Additionally, the contract’s methods take a EthEnv parameter which represents the blockchain environment itself, and can be used to (for example) get the current block header or send messages to another contract. We can use Rust’s mutability guarantees again to enforce that an immutable method can’t call a mutable method or suchlike. We also use a simple type-level state machine to make sure you write no more than one constructor (although it’s not yet possible in Rust’s type system to prevent you writing two handlers for the same message).

Another benefit of so much being regular Rust code is that you can go to the Contract page in the documentation and quite easily infer how to write a contract from that alone. Since you need to go through the env parameter to access the blockchain, it’s easy to work out the complete set of everything a smart contract can do just by going to the documentation page for EthEnv. There are no top-level functions that manipulate global state.

Finally, it compiles to code without any unnecessary overhead because it extensively uses Rust’s generics. Plus constructor, on_msg and on_msg_mut are all const fns, and so the contract gets created at compile-time instead of runtime (just like with the macro). The API has no overhead compared to writing the verbose version that uses the existing API.

With this abstraction as a base it should be easy to implement other functionality on top. For example, if you need a key/value store and you don’t want to have to serialise and deserialise the entire thing every time you access it (for example, if you’re creating an ERC20 token and you want to store the mapping between addresses and balances) you could have a Database type that internally uses the raw calls to pwasm_ethereum::read and pwasm_ethereum::write but externally behaves more like Rust’s stdlib HashMap type. This would also allow you to do things not possible in the current API, like having two databases that can have overlapping keys (by using a unique nonce per instance of the Database type). That could be implemented as a library on top of the API I’ve described here with relatively little code.

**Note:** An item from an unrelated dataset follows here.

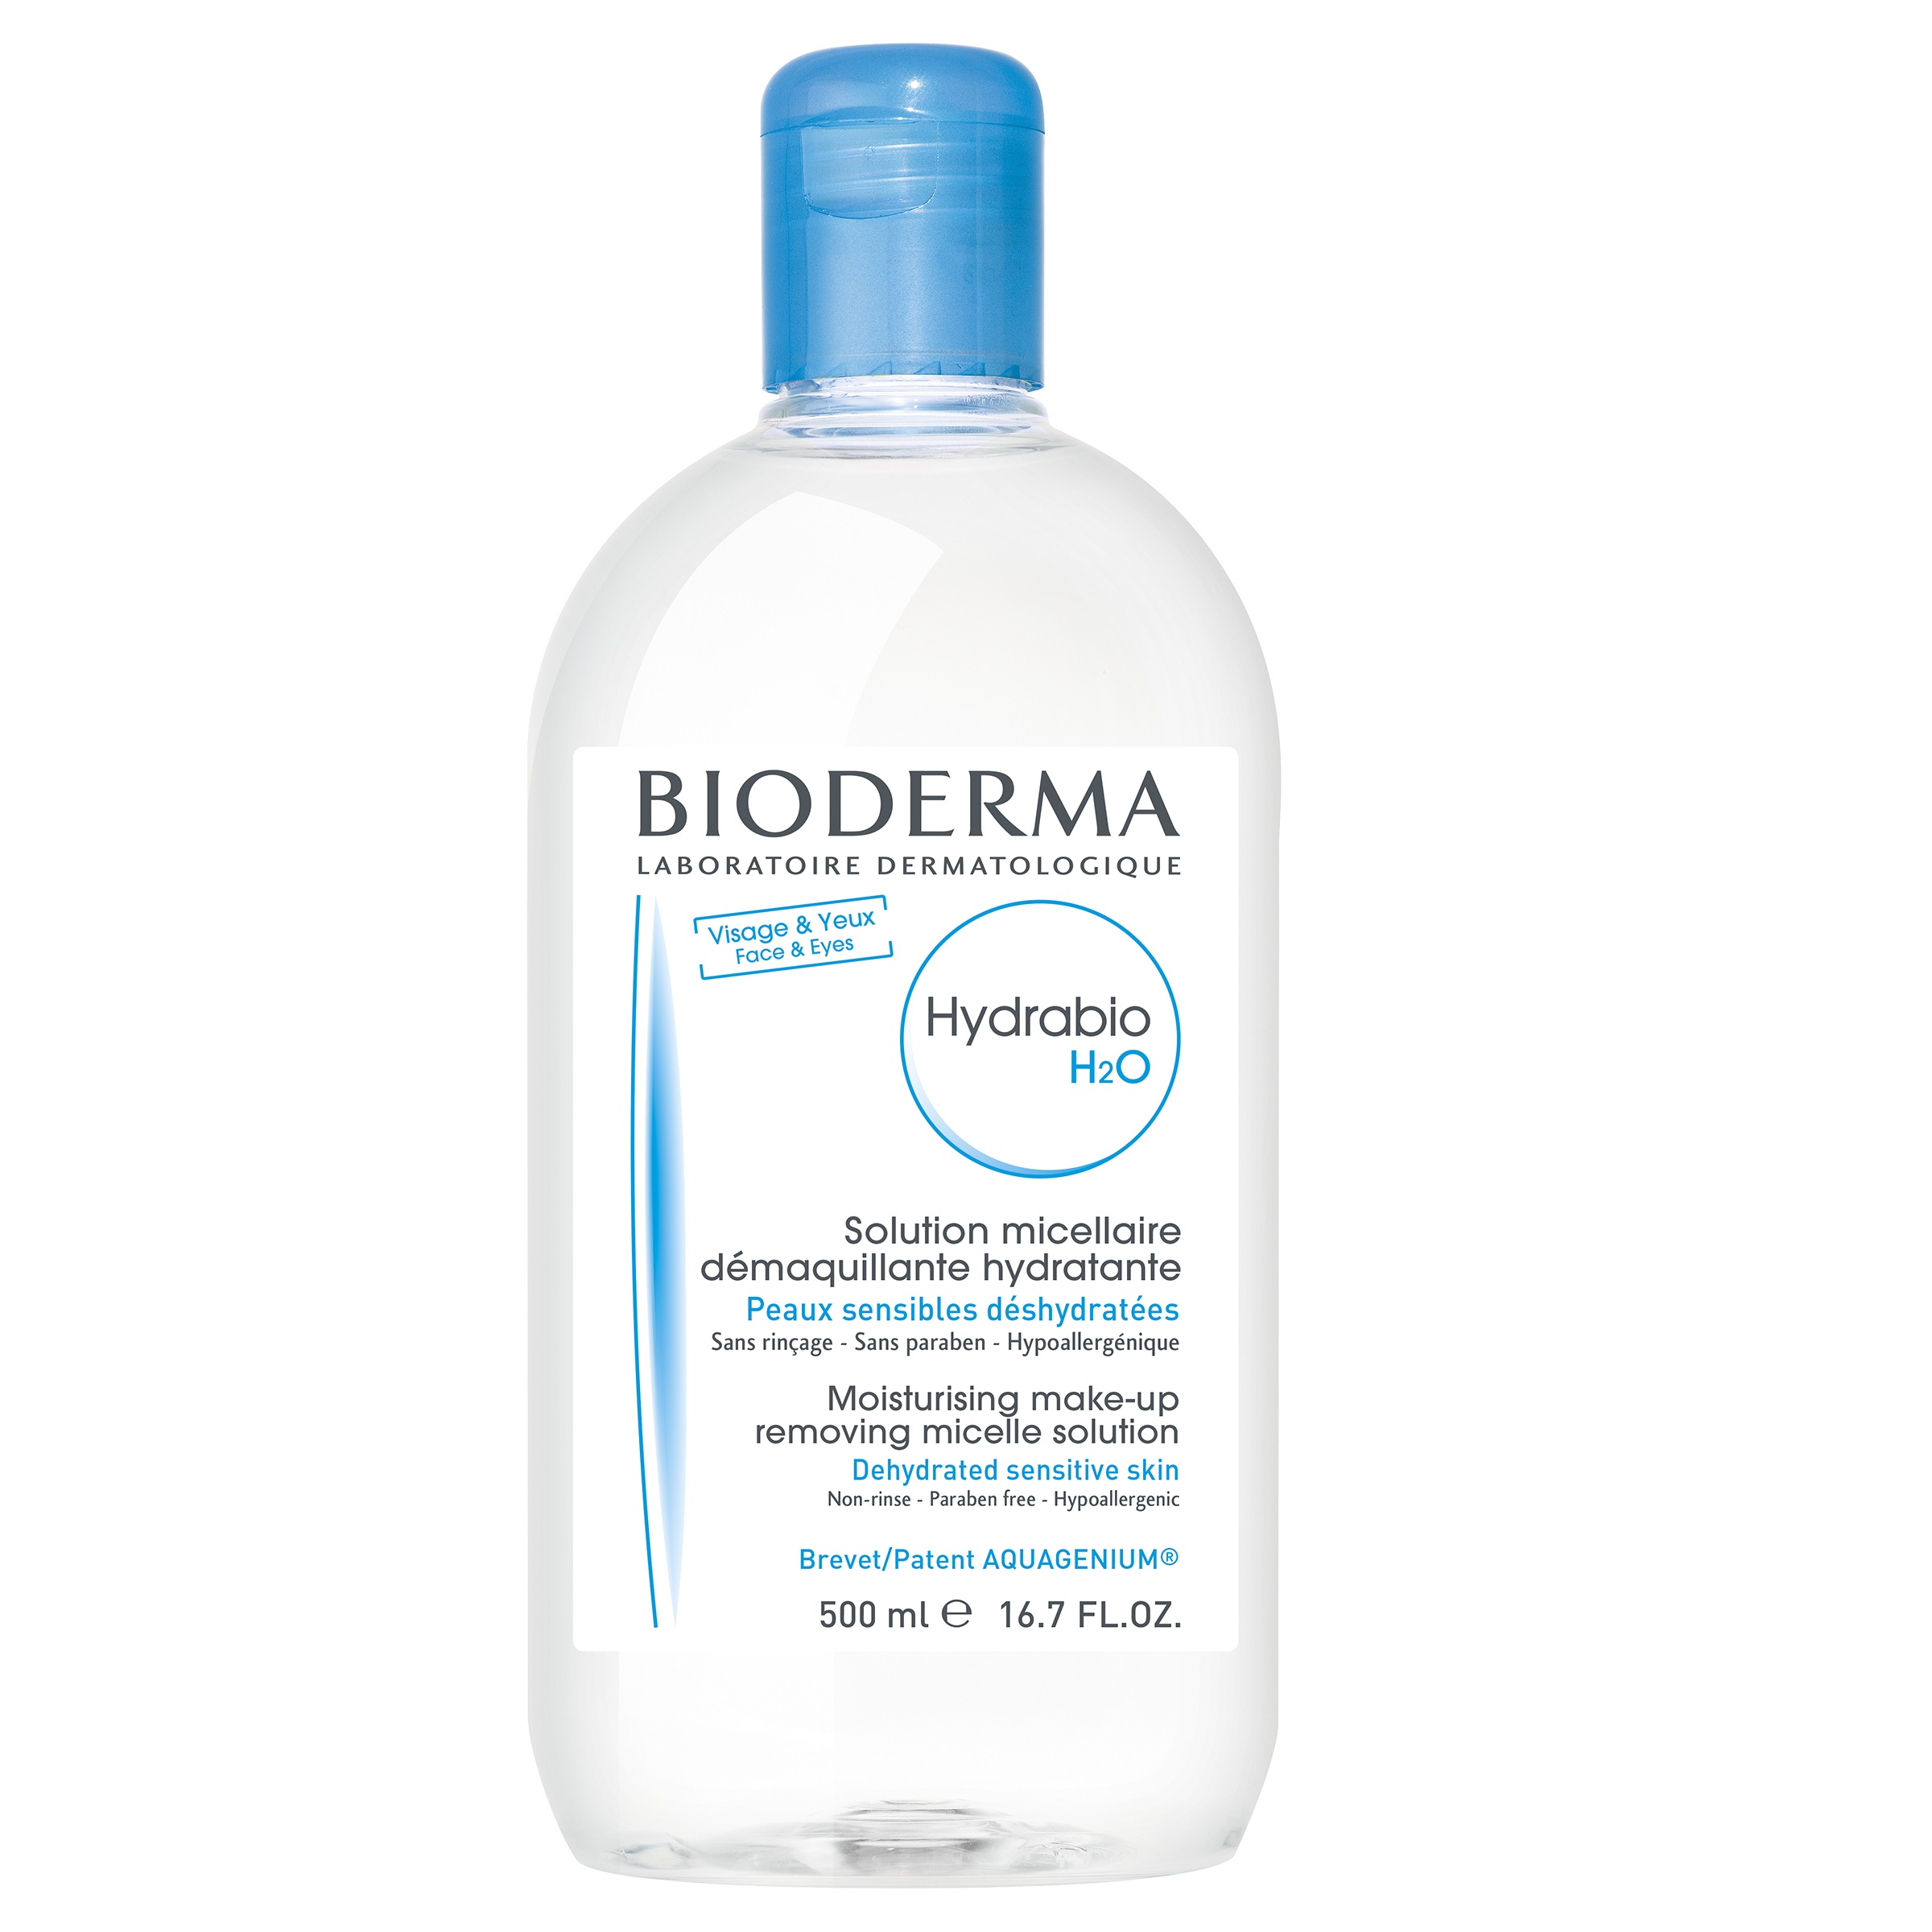 Lotiune micelara - Bioderma Hydrabio H2O solutie micelara hidratanta x 500ml, medik-on.ro

I should say that nothing that you see here is set in stone. I’ve just been playing with the idea of writing a new API for smart contracts and I want to get some feedback from real smart contract developers and from Rust programmers who are interested in writing some smart contracts. I’m not a smart contract developer myself, I’m from our Rust team, but I’m interested in making smart contracts safer and easier to write. I’d love to hear your ideas for anything that could be improved here, especially with regards to ergonomics. I’m not trying to make it look like Solidity code, I’m just trying to make it safe and readable. A simple working-but-extremely-incomplete implementation that doesn’t yet run on the actual blockchain is on my GitHub account here if you would like to see how this could be implemented.